§ Data provided:
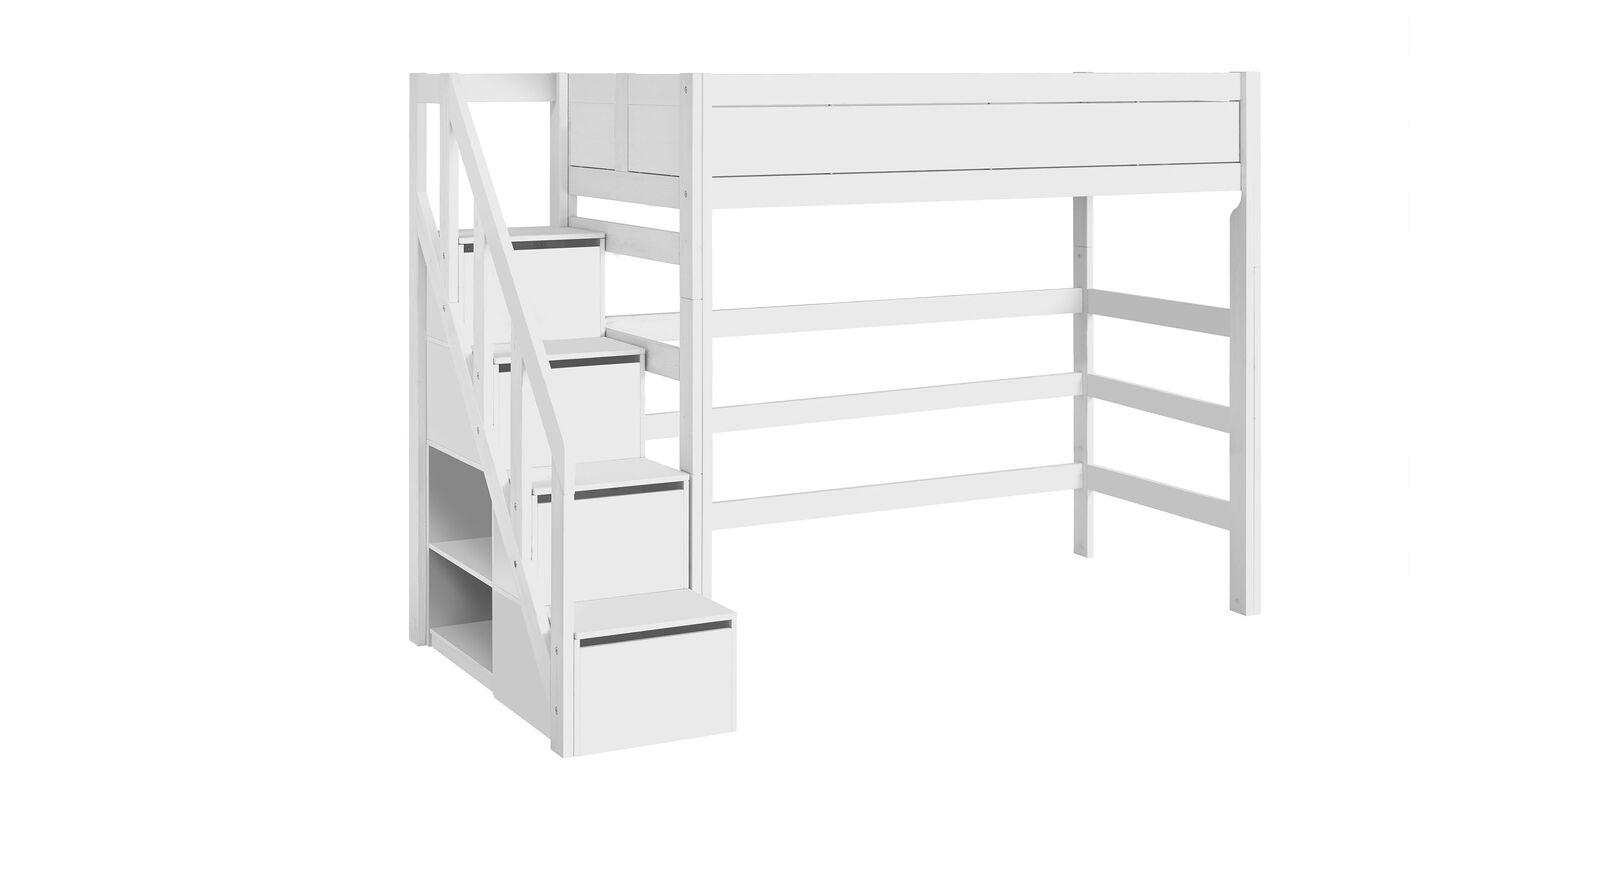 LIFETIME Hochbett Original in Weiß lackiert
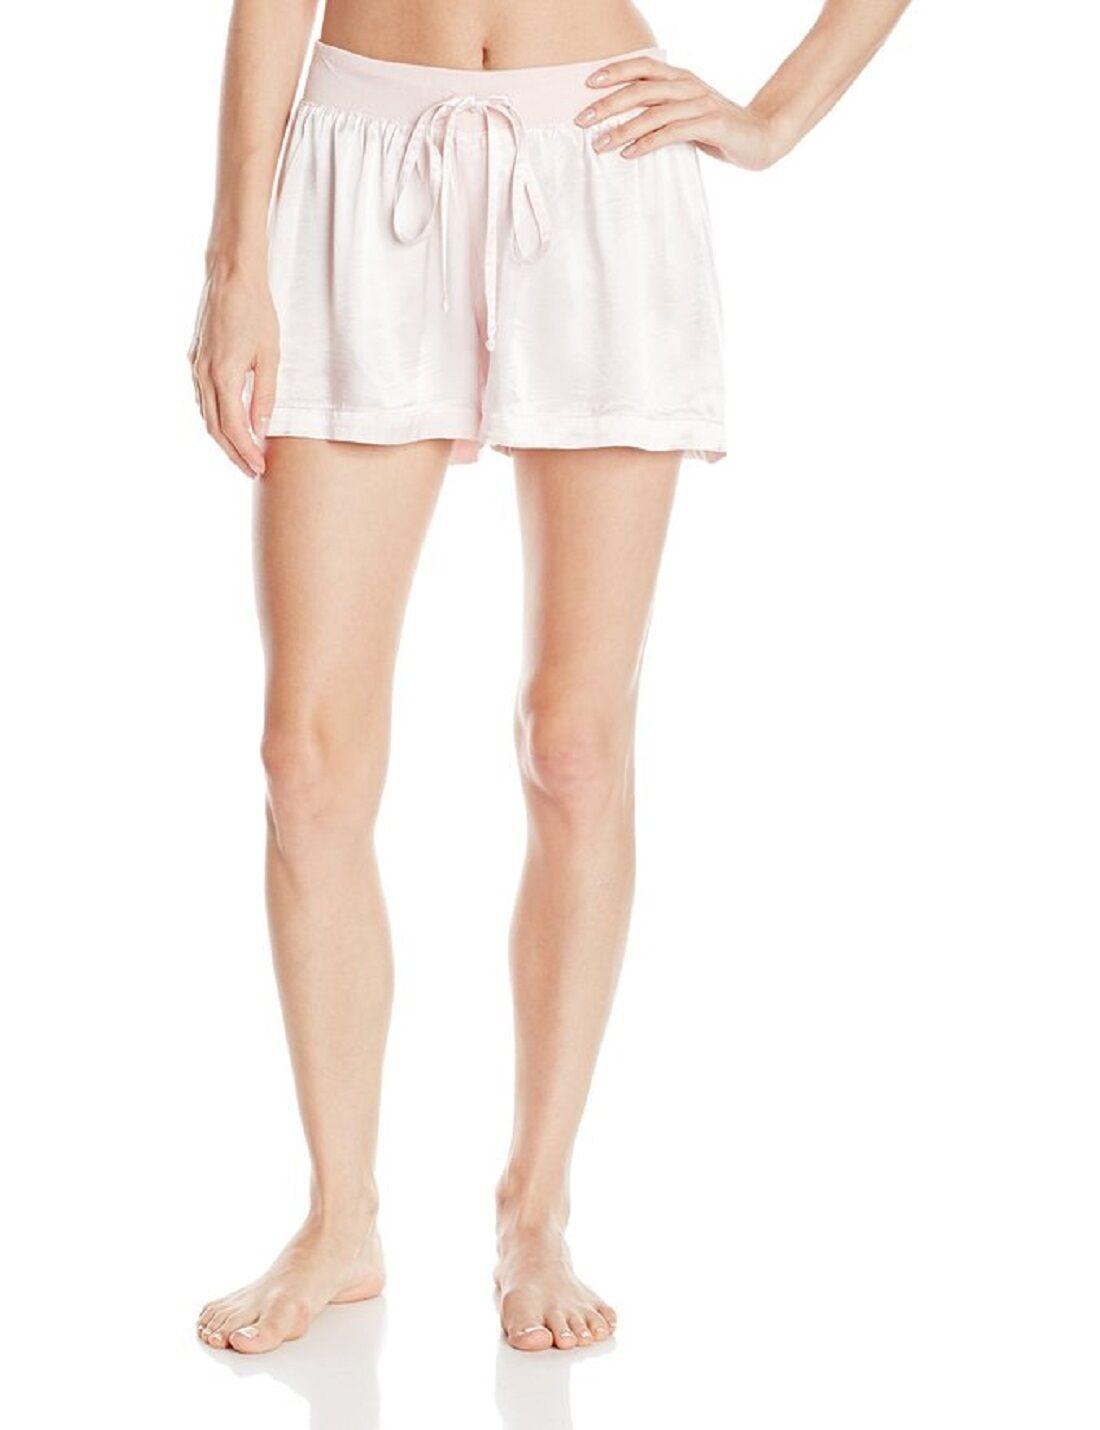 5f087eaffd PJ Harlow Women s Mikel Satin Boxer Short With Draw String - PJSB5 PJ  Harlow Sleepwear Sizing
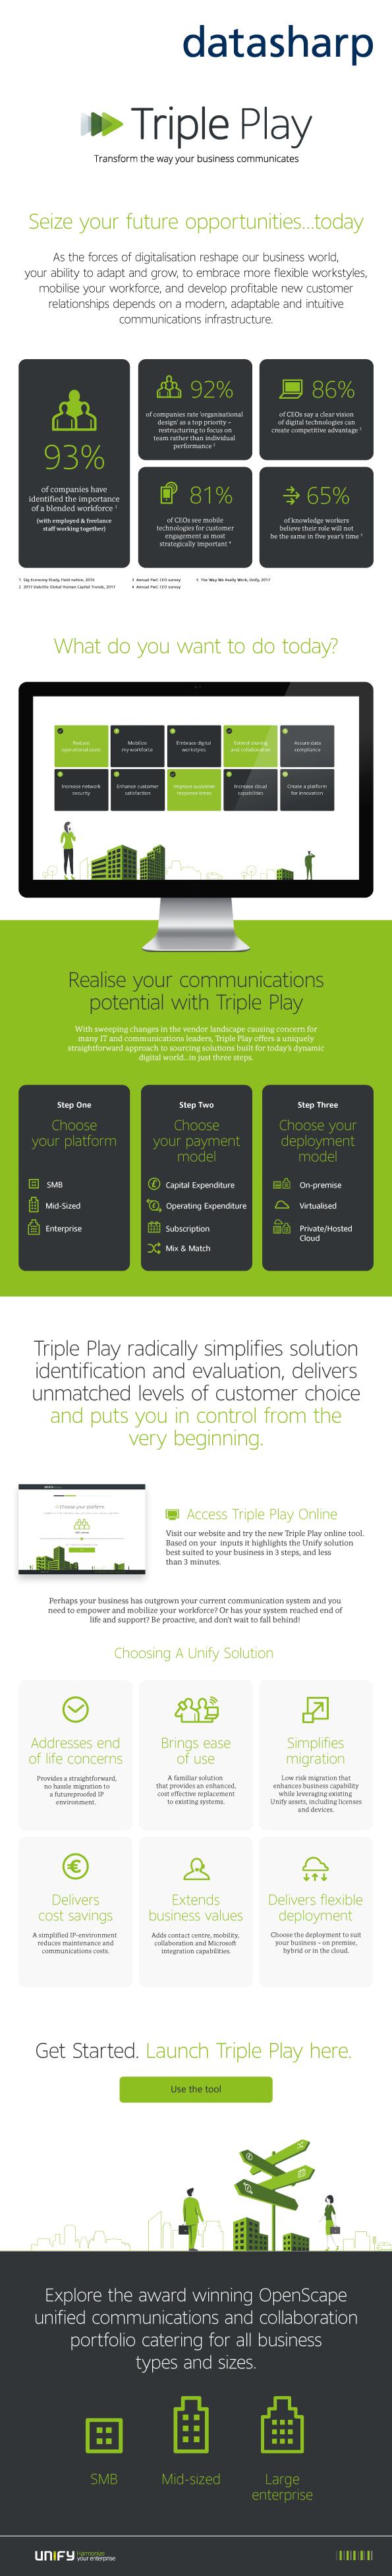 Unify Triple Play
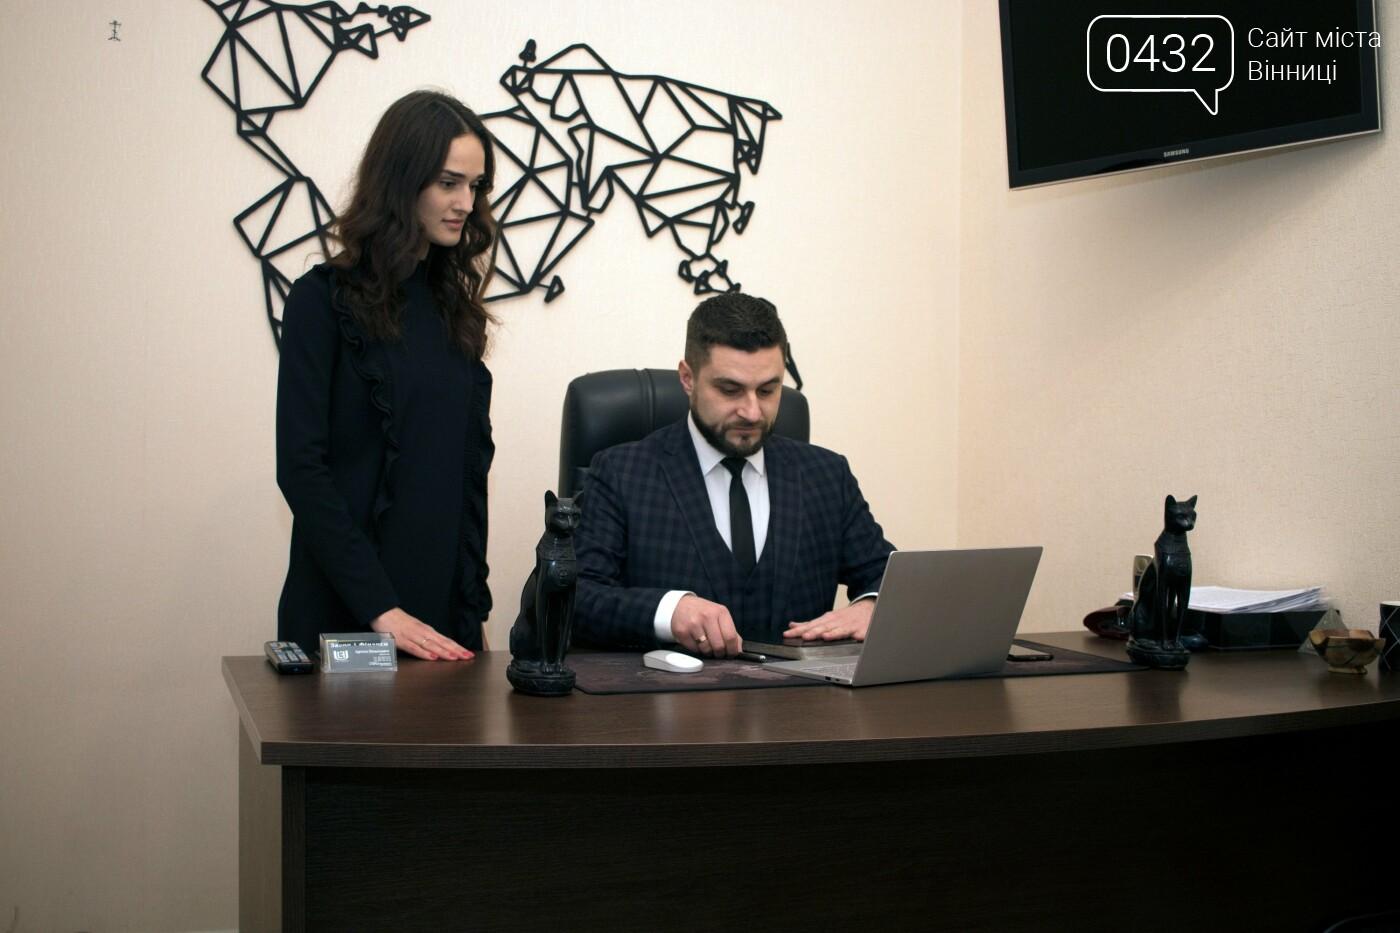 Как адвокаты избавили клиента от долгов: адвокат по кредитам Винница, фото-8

§ Exercise prompt: Please restate exactly the lines from the one containing "5f087eaffd PJ Harlow" down to the end of the material, both ends kept, and do not include the pictures.

§ Response to this exercise:
 5f087eaffd PJ Harlow Women s Mikel Satin Boxer Short With Draw String - PJSB5 PJ  Harlow Sleepwear Sizing
 Unify Triple Play
 Как адвокаты избавили клиента от долгов: адвокат по кредитам Винница, фото-8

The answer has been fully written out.